Early voting, also called advance polling or pre-poll voting, is a convenience voting process by which voters in a public election can vote before a scheduled election day. Early voting can take place remotely, such as via postal voting, or in person, usually in designated early voting polling stations. The availability and time periods for early voting vary among jurisdictions and types of election. The goals of early voting are usually to increase voter participation, relieve congestion at polling stations on election day, and avoid possible discrimination against people with work and travel schedules that may effectively prohibit them from getting to the polls during the hours provided in a single election day.

In some countries, early in-person voting or postal voting (or both) are available to all voters. In other countries, only some voters (such as those who are expected to be out of the country or hospitalized on election day are eligible) are eligible to cast ballots via these methods.

Australia and New Zealand

Australia
In Australia, where voting is compulsory, early voting is usually known as "pre-poll voting". Voters are able to cast a pre-poll vote for a number of reasons, including being away from the electorate, travelling, impending maternity, being unable to leave one's workplace, having religious beliefs that prevent attendance at a polling place, or being more than 8 km from a polling place. There were over 600 early voting centres available in 2016.
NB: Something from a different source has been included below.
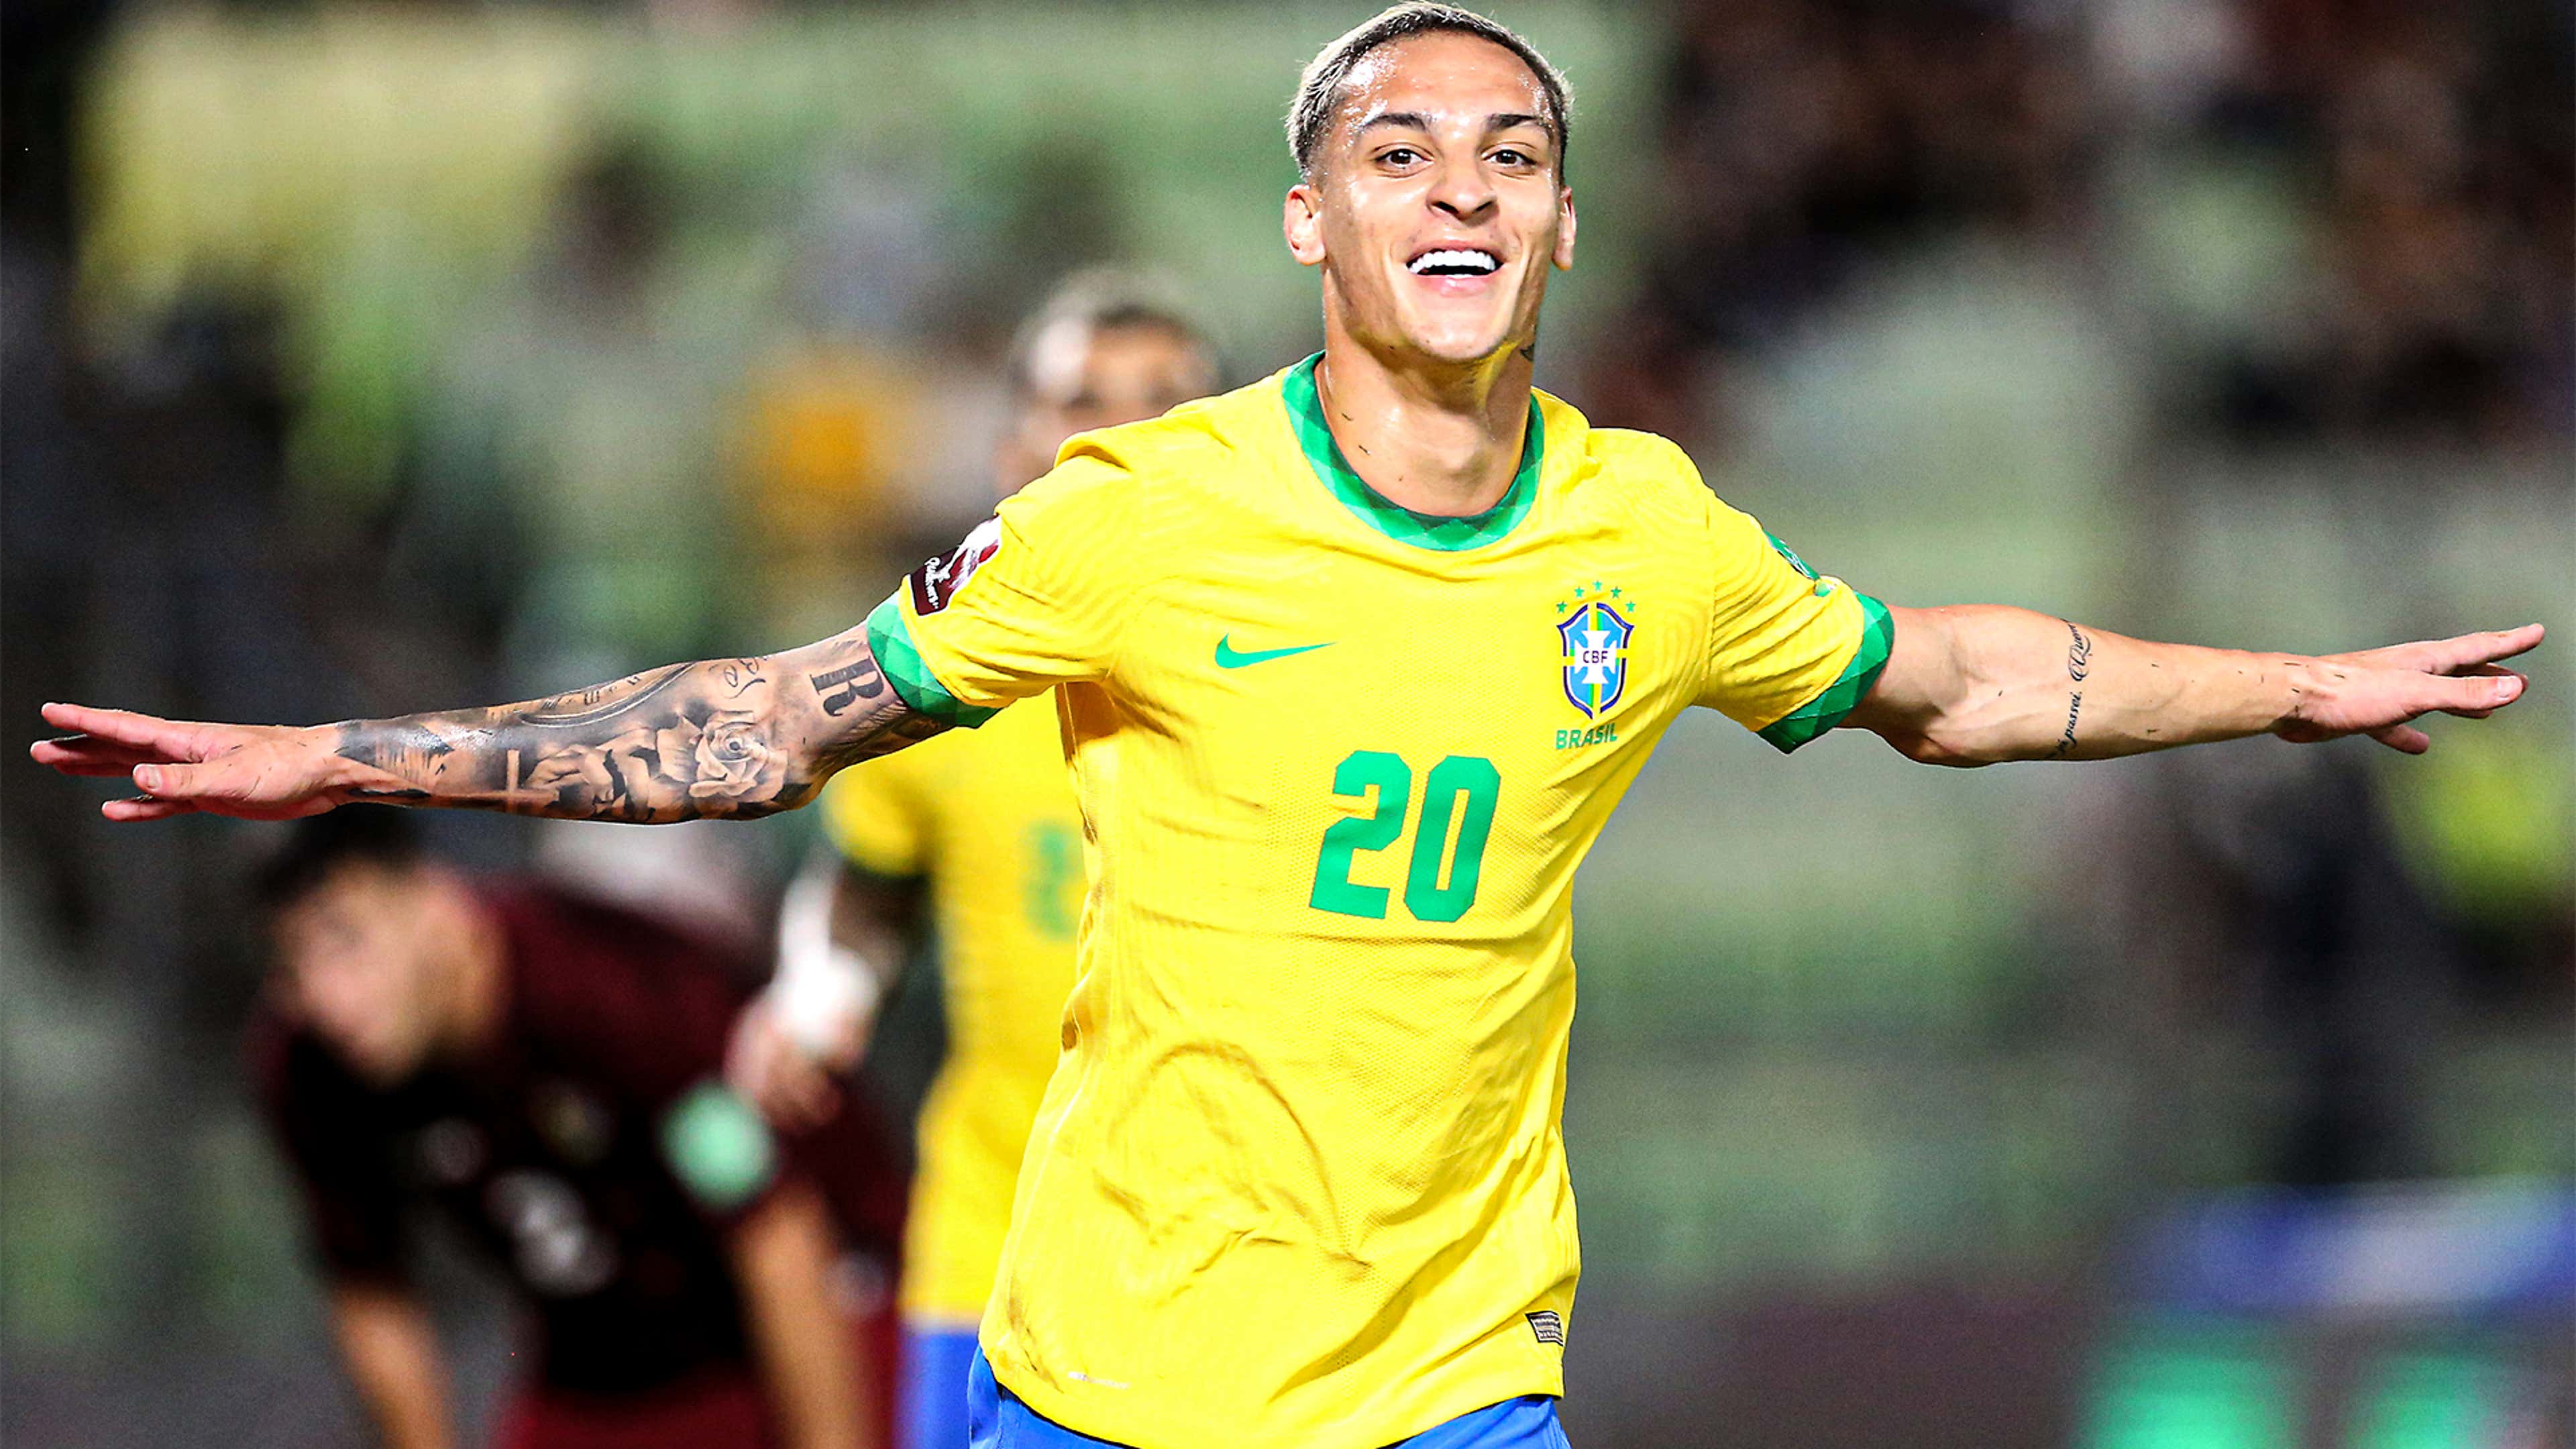 Playing.io sponsors charity football match with Brazilian players

At the 2019 Australian federal election, 6.1 million votes were cast early (including postal votes), equating to 40.7 percent of total votes cast. This represented an increase from 26.4 percent at the 2013 election and 13.7 percent at the 2007 election. Following the 2019 elections, members of the parliamentary standing committee on electoral matters expressed concern about the length of the pre-poll voting period, suggesting that it was imposing costs on both the Australian Electoral Commission (AEC) and political parties, and that electors voting too early may be unable to respond to developments in the final weeks of the election campaign.

New Zealand 
Early voting, or advance voting, has been possible in New Zealand without a reason since 2008. Advance voting opens 12 days before the election day, with around 500 polling booths set up across the country. Voters attending an appropriate advance polling booth for their electorate (constituency) can cast an ordinary vote in the same way they would if voting on election day. If the voter is outside the electorate, enrolled after the cutoff date (31 days before election day), or is on the unpublished roll, they must cast a special vote.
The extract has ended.